In summary, with this pilot clinical trial we propose to demonstrate that cholesterol stabilisation using a fish oil-containing LIE in early sepsis is possible in what is to our knowledge the first study of its kind. Studies also suggest that lipid function, in addition to the quantitative decline in lipid levels, may play a role in adverse outcomes after sepsis. It remains unknown whether cholesterol stabilisation with an exogenous lipid emulsion can mitigate these adverse outcomes. Although this preliminary pilot study seeks to alter cholesterol levels while also evaluating organ function and inflammation, future work will be aimed at modulating organ failure, an important patient-oriented outcome in patients with sepsis and septic shock.

Ethics and dissemination

Patients were not involved in the design of this pilot study. All ethical procedures will be upheld in the conduct of this study, and results will be disseminated through presentations at national meetings and publication in peer-reviewed journals. If promising, data from this pilot study will be used as a basis for a larger, multicentre, phase II clinical trial.

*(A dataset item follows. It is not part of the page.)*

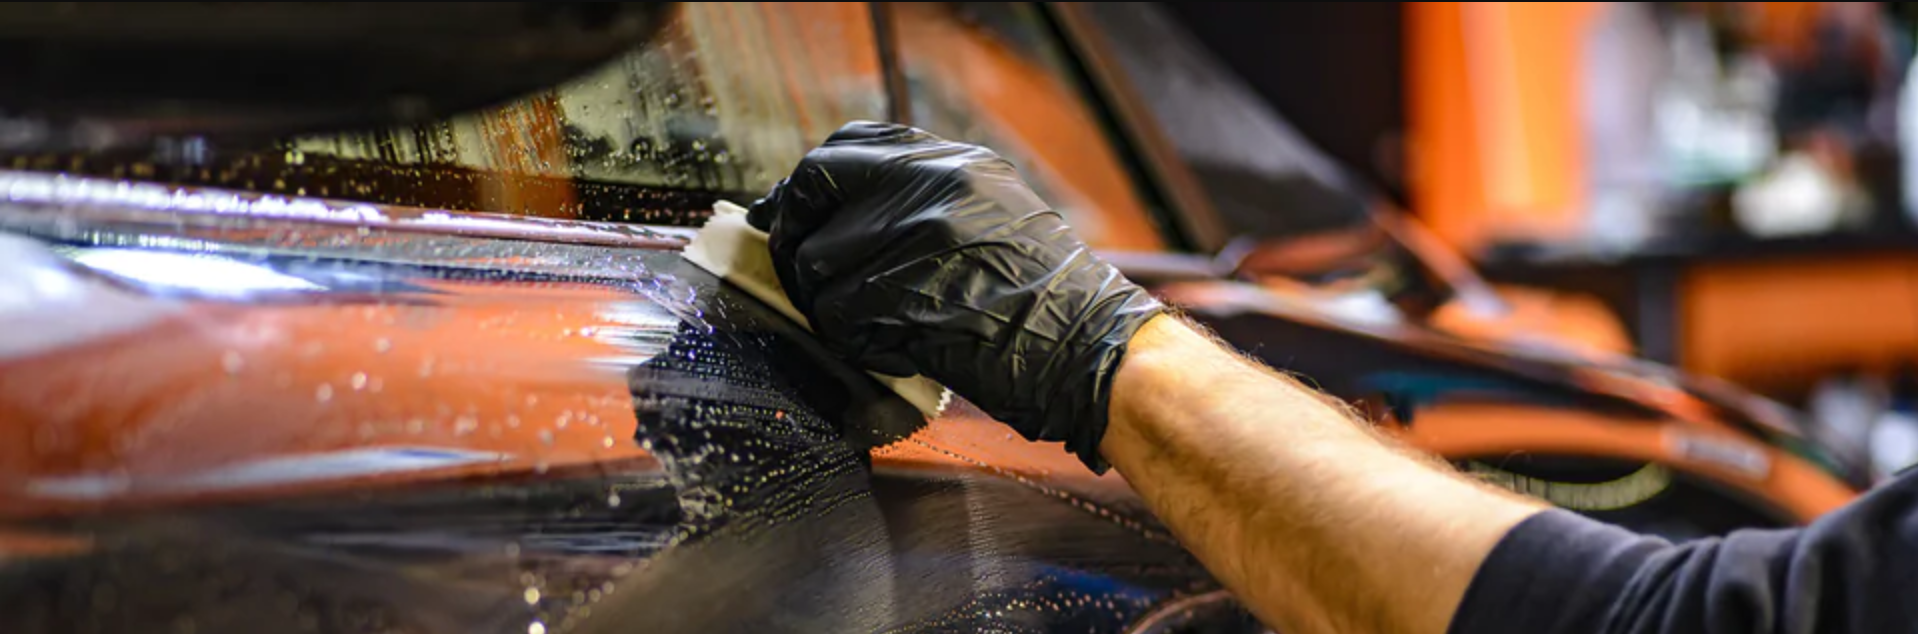 Professional Auto Detailing in Winston-Salem NC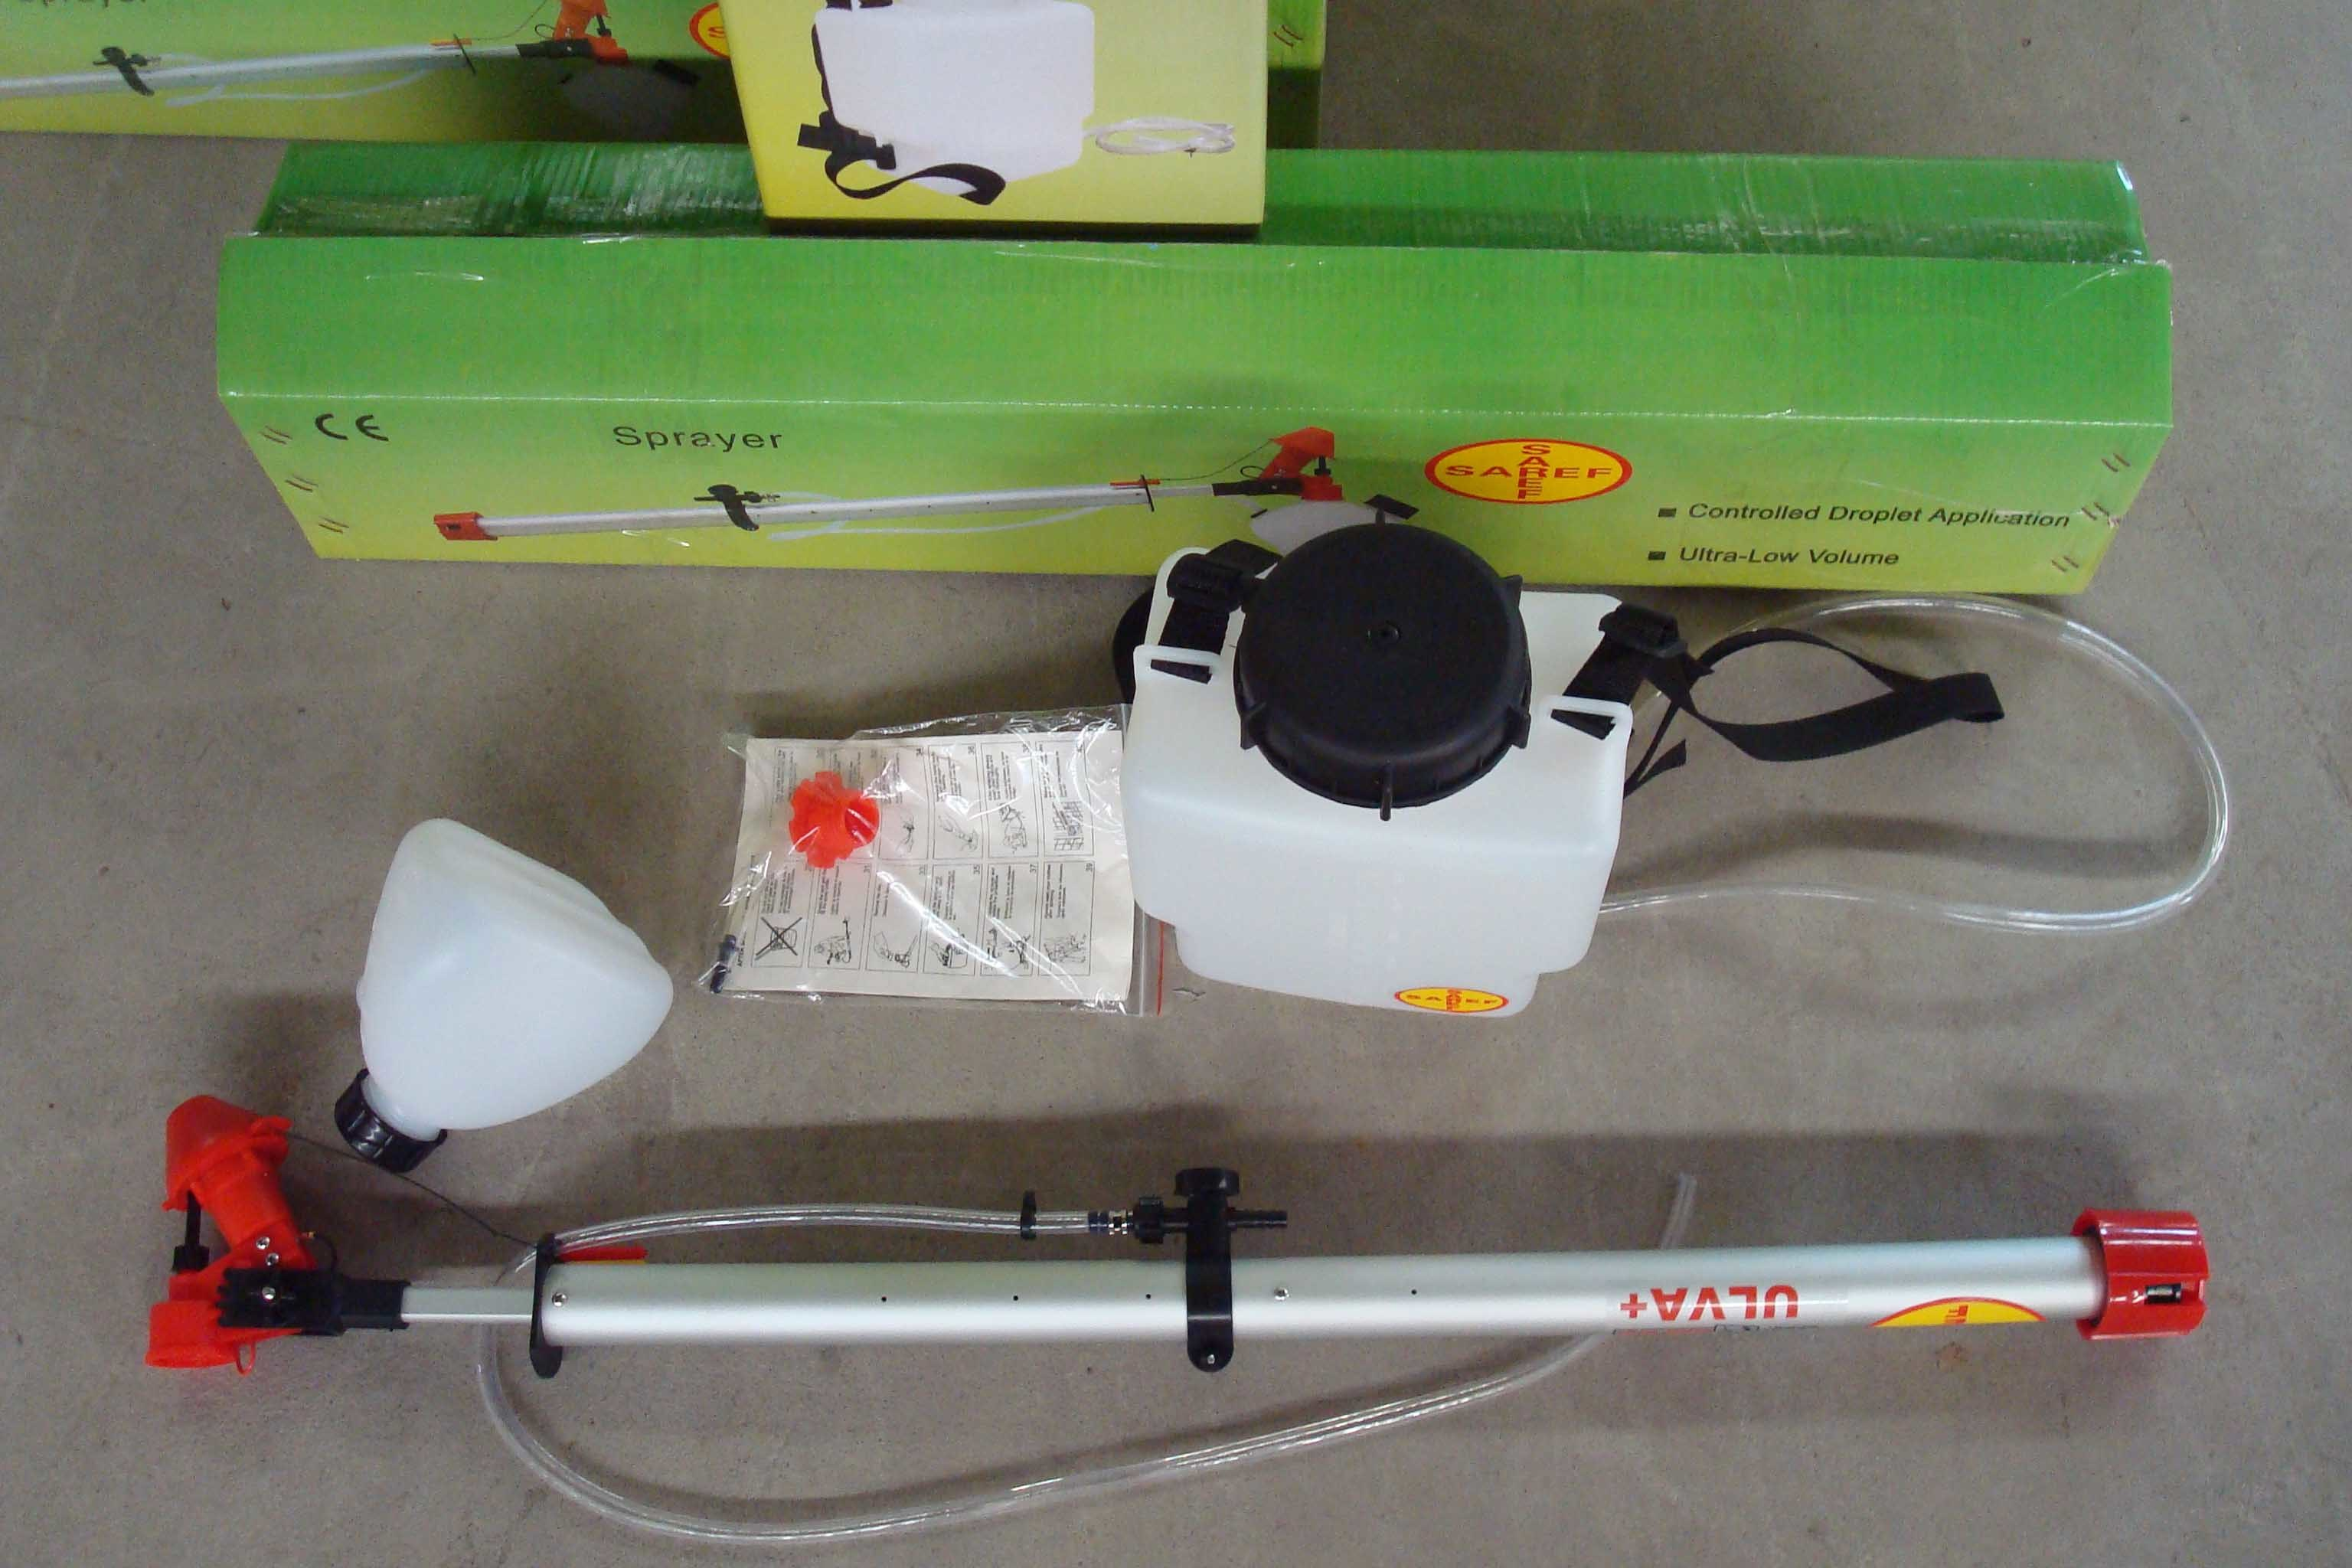 Ulva+ Spinning Disc Sprayer, Ulv Droplet Application Chemical Save Less Use Sprayer

Patient and public involvement

Our previous studies have informed the design of this study, with particular regard to quality of life after sepsis. Early organ failure, one of the main clinical outcomes after sepsis, is the main clinical outcome of the study and greatly affects patients’ lives, as patients with persistent organ failure may need dialysis and frequent use of medical facilities for additional care, which may reduce quality of life. Patients were not involved in the design of the study. We plan to inform our enrolled participants by sending them a letter or an email after completion of the study with a summary of the study results and thanking them for their participation. The burden of the intervention was not assessed by patients.